А кроме Борхеса, кто для тебя был особенно важен? Любой человек, который читал когда-либо переводы Борхеса, он знает, что «русский» Борхес — это Борхес Дубина.
Ну, это не совсем так. Слава богу, много людей его переводили, и хорошо переводили. Стихи — меньше, прозу — больше. Я думаю, что вот-вот начнется второе освоение Борхеса. Сейчас вообще обозначилось такое поветрие в переводе — «переперевод». Думаю, что и меня «перепереведут», ничего в этом страшного нет.
Кто еще? Видишь ли, я понимал, что никогда на это жить не буду: на переводческие деньги жить невозможно. Продуктивность моя была такой, что я на это не мог рассчитывать никоим образом. К тому же у меня к тому времени уже была семья: жена, родился первый сын, какие-то твердые деньги были нужны. Поэтому у меня всегда была другая, твердая работа, которая держит на плаву и позволяет заниматься чем-то другим.

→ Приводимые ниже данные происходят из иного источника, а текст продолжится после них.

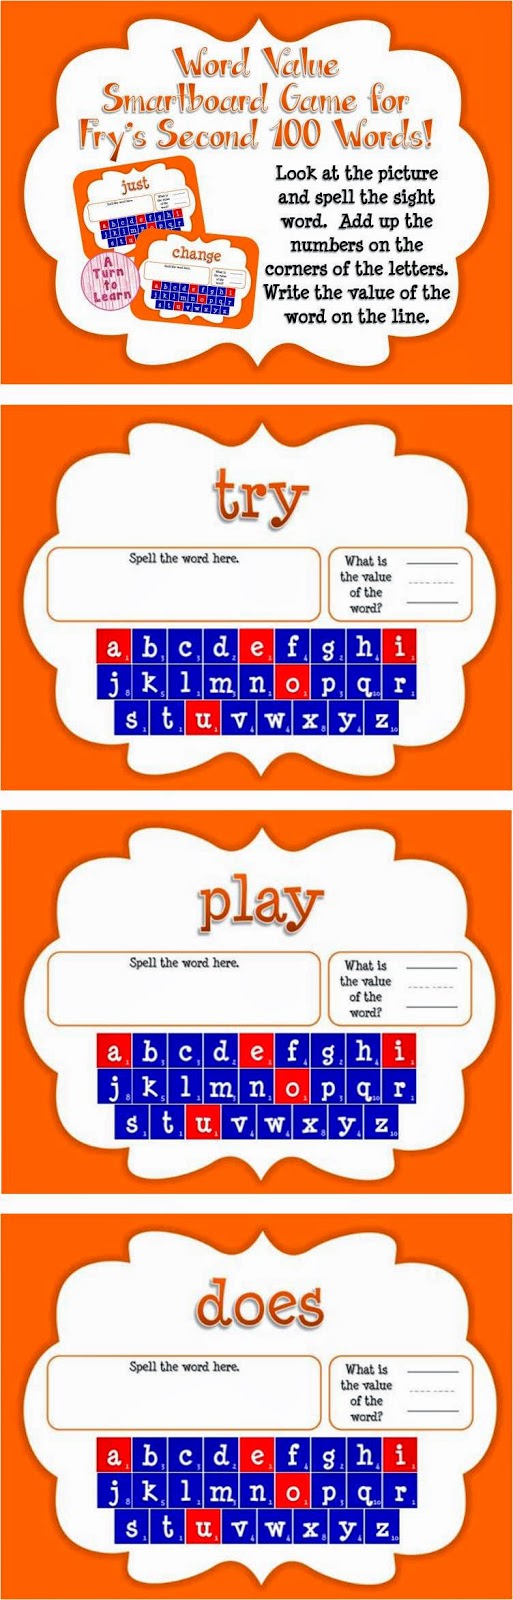 Word Value Game for Fry's 2nd 100 Words - Smartboard or Promethean Board!

В этом смысле я всегда был переводчик-любитель.
Профессиональный переводчик-любитель?
Профессиональный в силу того, что я долго этим занимался.
Профессиональный, потому что профессионал.
Я на эти деньги не живу. Один раз я получил большие деньги за Борхеса, это было как раз накануне дефолта — все сгорело к чертовой матери в один день. Даже жалко особенно не было, потому что не успел прочувствовать эти деньги, они сразу пропали. Но вообще я, в отличие от некоторых моих знакомых, никогда не был богемным человеком, я вполне буржуазен: считал, что должен содержать семью, иметь стабильные какие-то деньги. Поэтому никогда не рассматривал переводы как единственный источник доходов, всегда еще где-то работал.
Так вот, поскольку я на это не живу, мне не приходилось или почти не приходилось переводить вещи, которые были мне неприятны. В этом смысле мне чрезвычайно повезло — редакции, в которых я работал, ко мне, не знаю почему, хорошо относились и никогда не нажимали на меня с просьбами перевести «что-нибудь юбилейное». Нужно сказать, что тут я опять ориентировался на Гелескула, который брался переводить, казалось бы, совершенно неожиданного поэта, но он находил в нем несколько вещей, которые были совершенно «его». И я отчасти по этому пути шел, и какими бы авторами ни занимался, я в них находил вещи, которые мне были интересны. Ну а уж когда случалось дорваться до большой работы и много переводить какого-то автора, это было лучшее из того, что вообще может быть.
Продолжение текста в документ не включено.